February 15, 2016
by: Jane Bishop Halteman

Friends and directees sometimes share with me their soul stories of “cracked doors.”  I didn’t coin that phrase, but I like it and am borrowing it from a sermon I heard preached last week on Transfiguration Sunday at Dock Woods, the retirement community where my parents live in Lansdale, PA.

As he prepared worshippers for Lent, Ray Hurst, director of pastoral care and service at Living Branches Community, shared that he’s been silent about the transfiguration story during his nearly 30 years as a pastor.  “Jesus didn’t talk about this experience, the disciples didn’t talk about it.  What do we do with an experience that doesn’t fit our categories?” he asked. 

Identifying the Luke 9:28-36 passage as “an intensely private moment between Jesus and God” when Moses and Elijah joined Jesus on the Mount of Transfiguration, Hurst described these kinds of out-of-the-ordinary occurrences as ones which “move us toward what is ahead.  ‘I’m going to be with you as you take the journey to Jerusalem’ is what God is saying to Jesus in the transfiguration story,” Hurst said he imagines.

Not claiming for a moment to understand exactly what is going on in this passage, Hurst suggested that we find ourselves exquisitely fascinated when we see unexpected glimpses of God revealed in unusual ways in our own lives, like light glimmering from behind “cracked doors.”  (The bulletin cover that morning revealed light streaming into a dark room from double doors slightly ajar.) 

Citing similar Biblical examples including Moses and the burning bush, Jacob’s dream about the ladder, Job and the voice in the whirlwind—“stories about God’s palpable presence among us,” Hurst hastened to add that, while “God is not an absent landlord,” God cannot be coaxed into appearing on command and refuses to be boxed in by our extraordinary moments.

Acknowledging that it is easy to get wrapped up in the euphoria of the mountaintop experience when we do get a glimpse of what’s beyond the cracked doors, he reminded us that “God’s presence is constantly on the move.”  We can’t make God show up, nor can we capture a snapshot of these astonishing moments in order to remain on the mountain beyond the moment.  These amazing places, though perhaps gift to us for special times in our lives, are not the places God remains, he added.

We are tempted to worship the mountaintop experiences by returning to those snapshots to recreate the moment.  “Jesus is the light in the cracked doors…God is not contained in these moments, but we can follow Jesus’ example to learn more about what God is up to!” Hurst ended last Sunday’s service with a blessing that went something like this:  May God go with us through this season of Lent and cause us to see the cracked doors in our midst.

“People fast, pray, retreat, go on pilgrimages to encounter God, to find something to root their lives in as they discover themselves facing the tragedies and injustices of life.”  So how do we make sense of cracked door stories, either our own experiences or friends’ recountings of incidents that seemingly cannot be explained…these moments that come our way unexpectedly through no doing of our own?

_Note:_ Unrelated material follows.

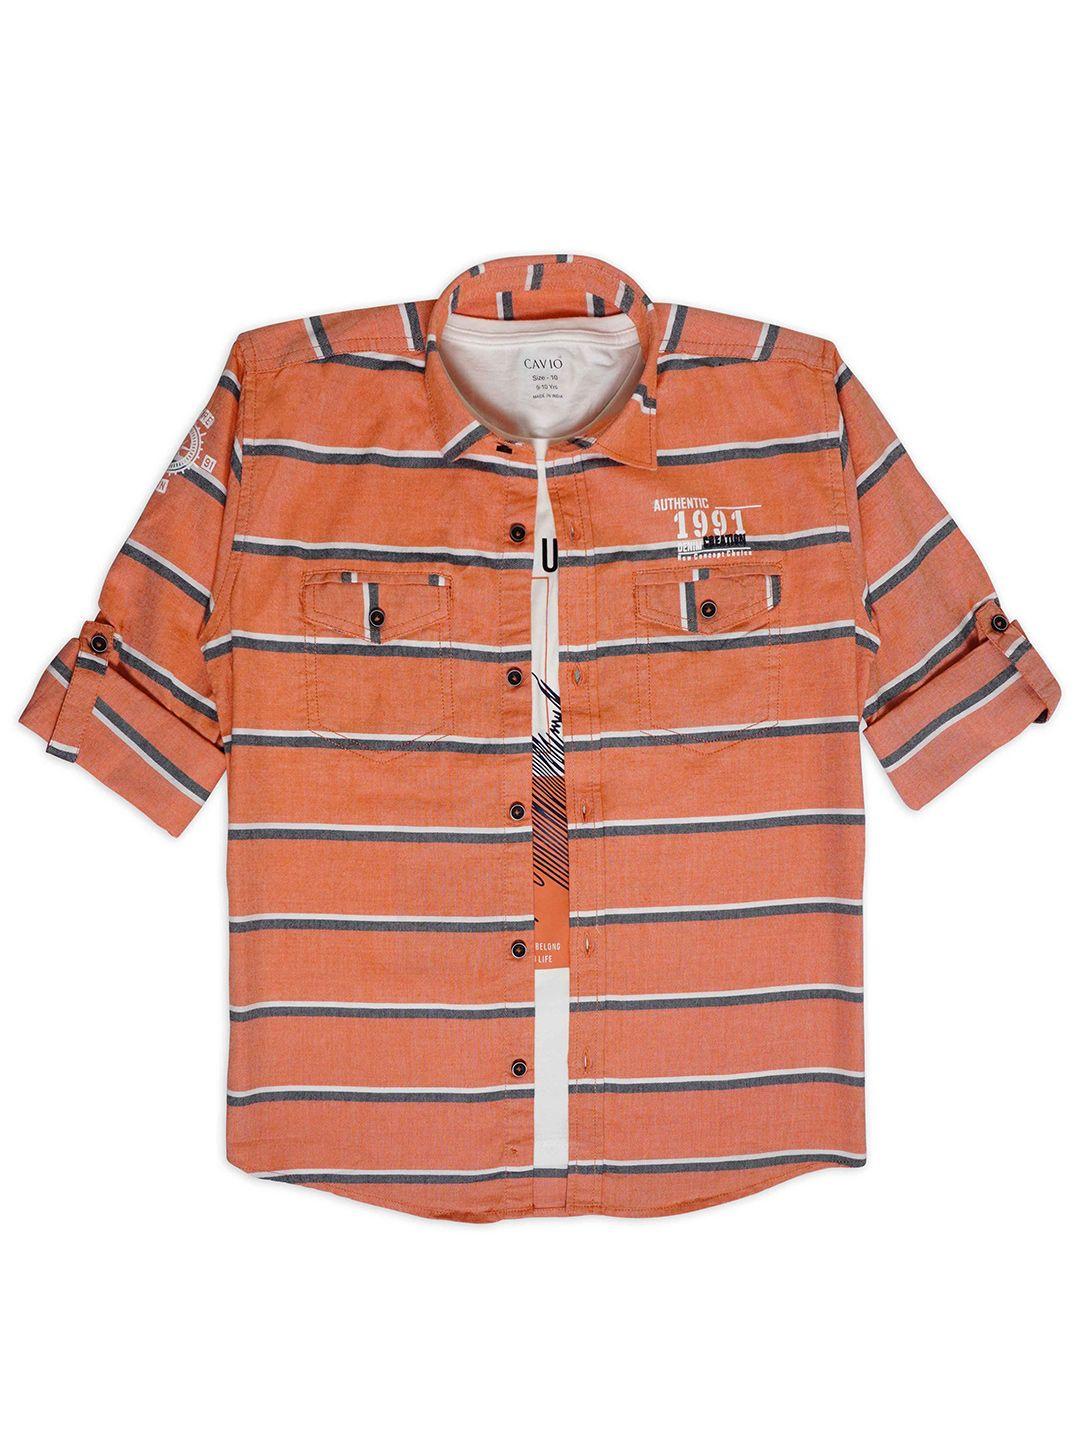 cavio boys comfort horizontal striped pure cotton casual shirt with t-shirt

Such moments are life-changing for those who experience them, as the transfiguration must have been for the disciples who probably never forgot what happened to them that day on the mountain. 

Experiences like these embolden us, buoy us up for the journey, remind us that we are not alone, create bonds with others serious about the pilgrimage, and, when we find ourselves in arid places on the road, these stories come to mind to reassure us that the Divine goes ahead of us, comes along behind, and shores us up from all sides while we are on the way. 

Authentic mountaintop experiences, the ones that are illuminated from behind cracked doors, transform us.  What changes do you see unfolding around you, within you this Lenten season?